Normally, the access decision manager will already be asked to decide whether or not the current user is entitled to make the current request. This is done by the AccessListener, which is one of the firewall listeners that will be triggered for each request matching the firewall map.

It uses an access map (which should be an instance of AccessMapInterface) which contains request matchers and a corresponding set of attributes that are required for the current user to get access to the application.
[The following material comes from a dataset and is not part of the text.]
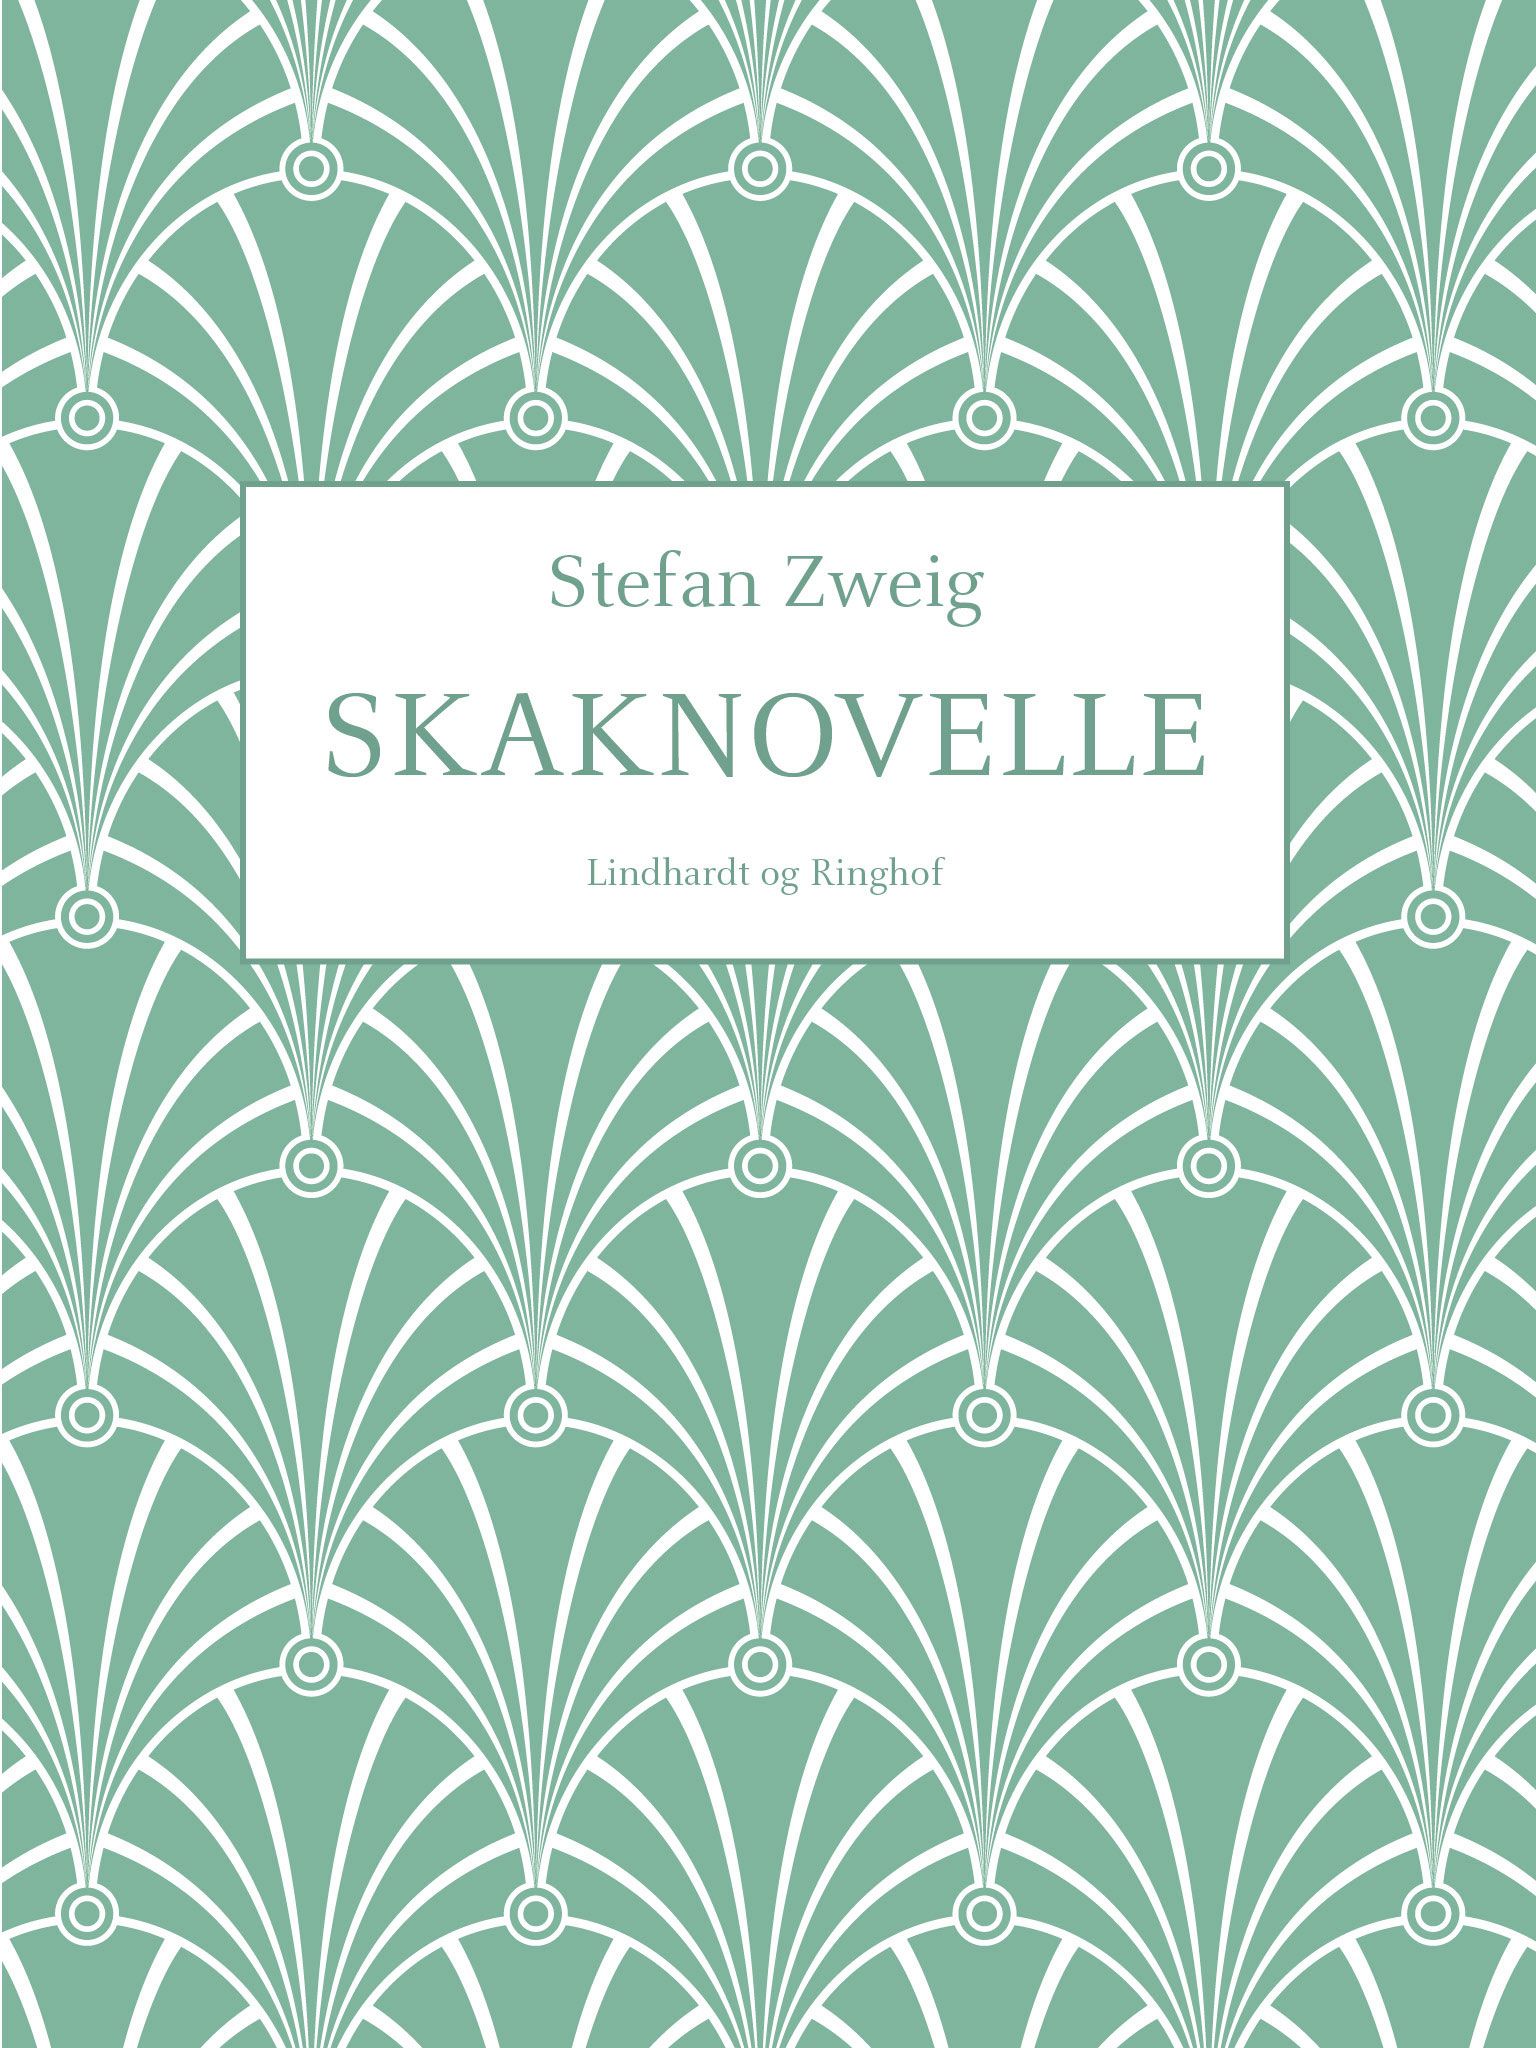 Skaknovelle, lydbog af Stefan Zweig

use Symfony\Component\Security\Http\AccessMap;
use Symfony\Component\HttpFoundation\RequestMatcher;
use Symfony\Component\Security\Http\Firewall\AccessListener;

$accessMap = new AccessMap();
$requestMatcher = new RequestMatcher('^/admin');
$accessMap->add($requestMatcher, array('ROLE_ADMIN'));

$accessListener = new AccessListener($securityContext, $accessDecisionManager,
    $accessMap, $authenticationManager);

Security context

The access decision manager is also available to other parts of the application by means of the isGranted($attribute) method of the SecurityContext. A call to this method will directly delegate the question to the access decision manager.
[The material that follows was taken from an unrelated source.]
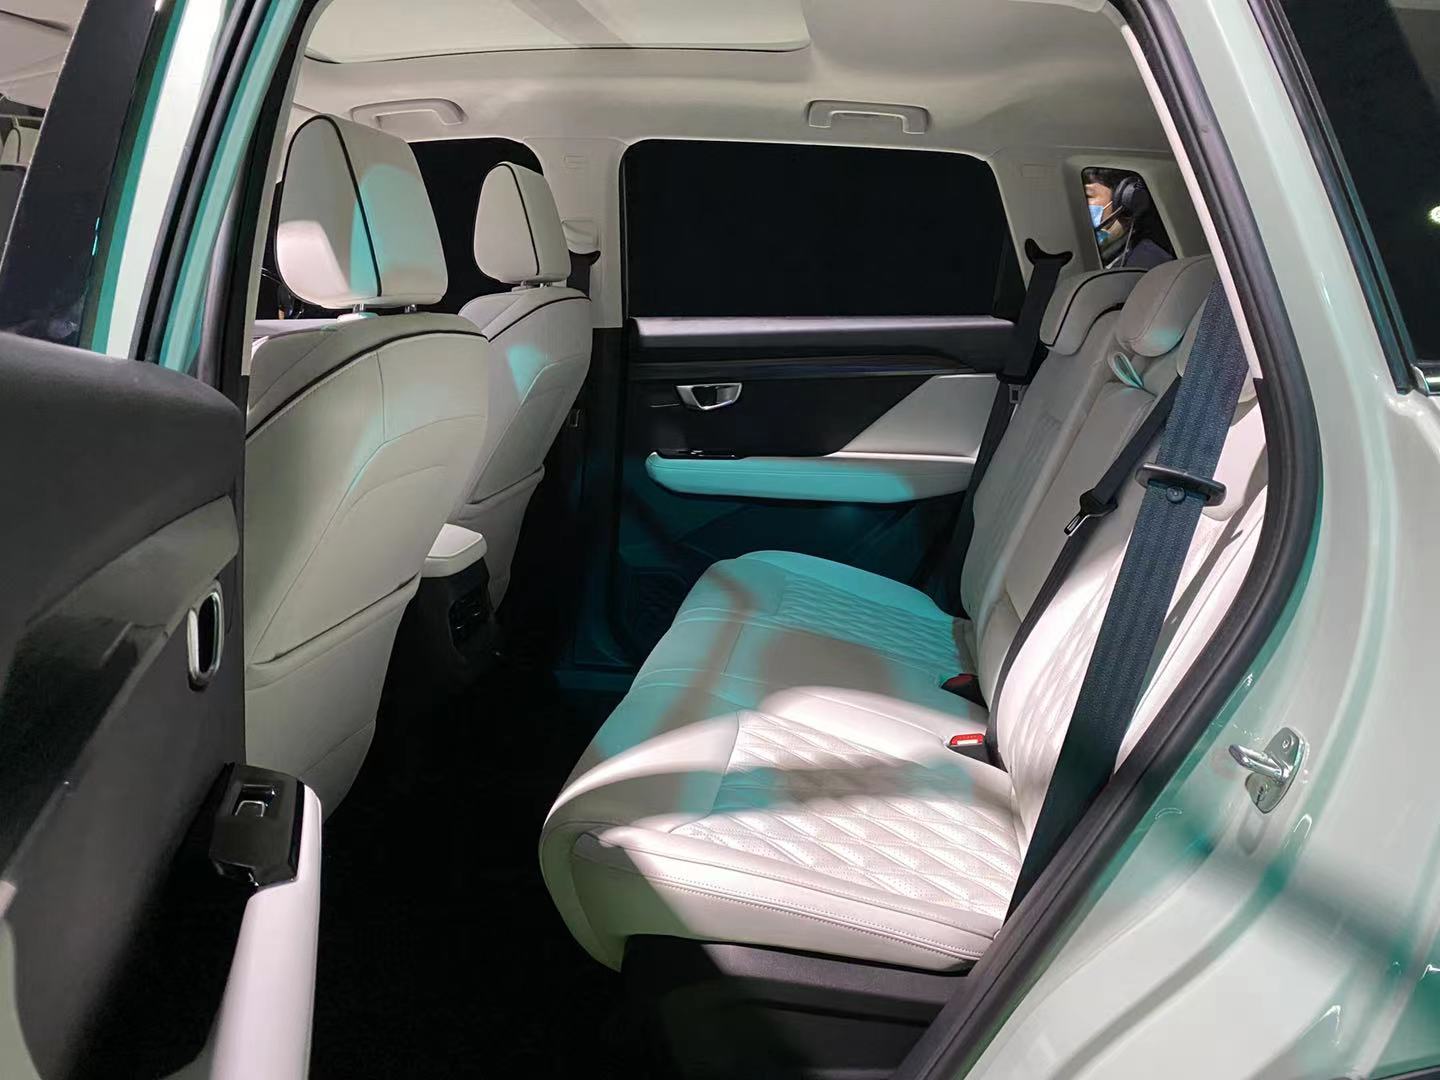 五菱银标紧凑型SUV星辰正式上市 售价为6.98-9.98万元

use Symfony\Component\Security\SecurityContext;
use Symfony\Component\Security\Core\Exception\AccessDeniedException;

$securityContext = new SecurityContext();

if (!$securityContext->isGranted('ROLE_ADMIN')) {
    throw new AccessDeniedException();
}
PHP Security Symfony2 authorization documentation roles voters
Comments
This website uses MailComments: you can send your comments to this post by email. Read more about MailComments, including suggestions for writing your comments (in HTML or Markdown).
Helen

Hi. I'll be very thankful if you have any suggestions how to implement user authentication and authorization keeping users into db with email and password credentials. There are many mentions in symfony specification but it difficult to put it all together.
Does 'login_check' action work automatically with database provider like it happens with in_memory one like described in specification? If not, how to setToken() to SecurityContext to let know what role and id current user has within application? Any suggestions how loginAction in controller looks like?

Matthias Noback

To get things working you should follow step by step what is shown in the Security documentation of The Book on www.symfony.com. All the extra information provided about the Security Component (including my blog posts on the subject) will likely not help you further in your pursuit for a first successful implementation of an application firewall.

gerda

hi, thanks for your reply. I already read the docs and the cookbook, just wanted to be sure it s good stuff before going for it. Will give it a try. Thanx

gerda

hi, it s very interesting but you dont talk about ACL at all in your security blogs? Is that because they not good enough? I m new to Symfony and the ACL on the docs looks really good but is it truewhen you actually implement them???

Matthias Noback

Hi Gerda,
That's right. I have skipped this part since everything is already well documented on the symfony.com site. But combine it with something like https://github.com/Problema..., since it can be very tedious to do it all manually.
Good luck with it,

coviex

Matthias, do you know if Security will work without Sf2?
This string from your first article on Security makes me doubt it:
$dispatcher->register(KernelEvents::REQUEST, array($firewall, 'onKernelRequest');
What to do if I use another framework (sf1.4) and don't have Kernel?

Matthias Noback

It could work, though it relies on quite a view core classes from Symfony2, like EventDispatcher, Request, Respone. Also configuring the component is quite a job, as you can see in both the Silex SecurityServiceProvider and the SecurityExtension class in the SecurityBundle.

cordoval

:D maybe a subbook on this or a video would be more plausible

Matthias Noback

The security component really has many facets, and is not very straight-forward. A walk-through while talking and showing code fragments works quite well as I know now from experience. But I would leave this to the Ryan and Leanna from KnpUniversity ;).